Washington Commanders linebacker Jamin Davis said he feels more like himself than ever. (John McDonnell/The Washington Post)

Late in the second quarter of the Washington Commanders’ second preseason game against the Kansas City Chiefs, linebacker Jamin Davis saw a play before it unfolded. The Chiefs tried to deceive the defense by motioning a wide receiver left to right and faking a jet sweep handoff — the exact type of eye candy that, in the past, might have sown just enough doubt in Davis’s mind to make him mistrust his read. He might have hesitated or even taken a step toward the jet sweep, forfeiting the milliseconds and fractions of space that separate success and failure in the NFL.

But this time, Davis recognized the deception and plunged into his gap at the line of scrimmage, where he met running back Isiah Pacheco and dropped him for a minimal gain.

While the preseason is an inherently flawed sample and while he hasn’t made many splash plays, Davis feels as if he has made enough good reads and quick reactions to help shed the frustrations of what he called a “humbling” rookie year. He’s starting to recognize himself on tape again.

“That’s Jamin Davis,” he said of the play against the Chiefs. “You want to get consistently there and make that your foundation, who you are as a player, versus like, ‘Oh, he’s showing flashes or who he can be as a player.’ F--- that.
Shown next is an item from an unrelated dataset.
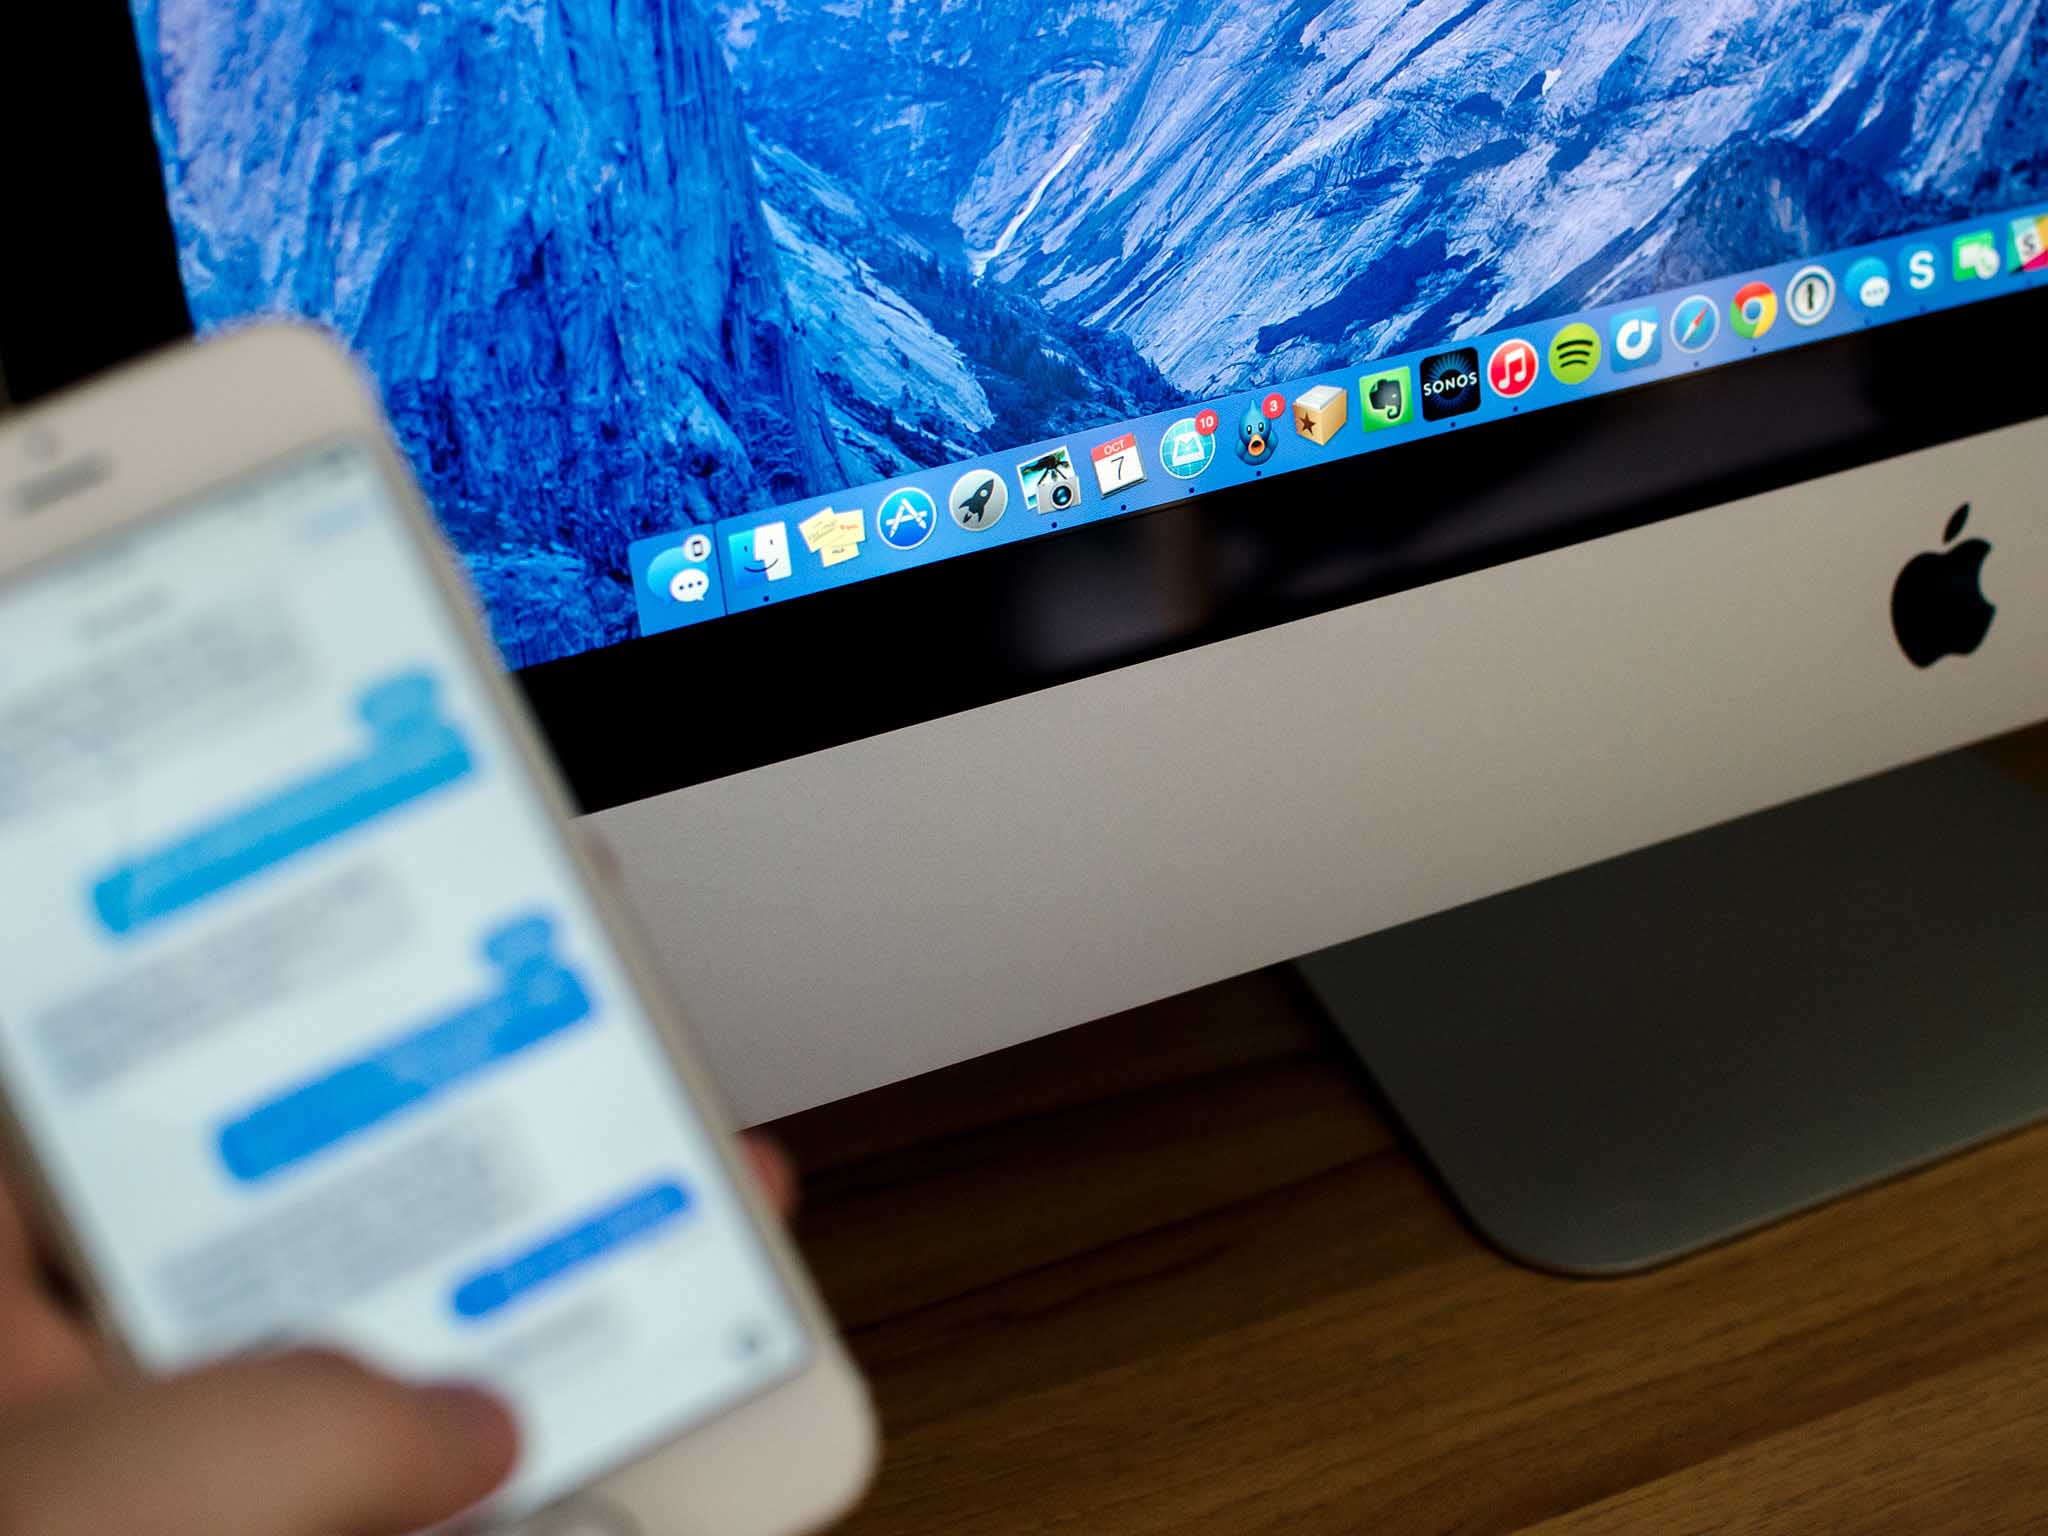 Yosemite's Continuity features: Handoff and the price of progress

That’s me. . . . That’s literally me. [I’m] just going out there to get more comfortable, and [I’m] playing ball, bro. I didn’t get this far for nothing. That’s just how I’m thinking right now.”

One of the reasons Davis has felt more comfortable is his new role in the defensive scheme. During his rookie year, the first-round pick from Kentucky didn’t have an offseason program and struggled to master the challenging role of middle linebacker, which often caused him to be a step slow and led to a lessened role in the second half of the season.

This offseason, Washington moved Cole Holcomb to the Mike role and Davis off ball, which lightens his responsibilities and should help his brain unlock his body. Davis still possesses remarkable athletic talents. He ran the 40-yard dash in 4.48 seconds, jumped 42 inches vertically and has a 79⅞-inch wingspan, all 95th percentile or higher measurements for a linebacker, according to mockdraftable.com.

If Davis can sustain his faster, freer play, it would provide a big boost to a defense trying to rebound from a disappointing 2021, more specifically in covering opposing tight ends and running backs.

Commanders running back J.D. McKissic, who is sometimes covered by Davis in practice, complimented his performance in camp: “He like a totally different player.”

“He is playing with more certainty and more confidence,” defensive coordinator Jack Del Rio said of Davis. “When he’s locked in mentally and really understands where he belongs, he’s able to come to life. … We are going to need him to play well.”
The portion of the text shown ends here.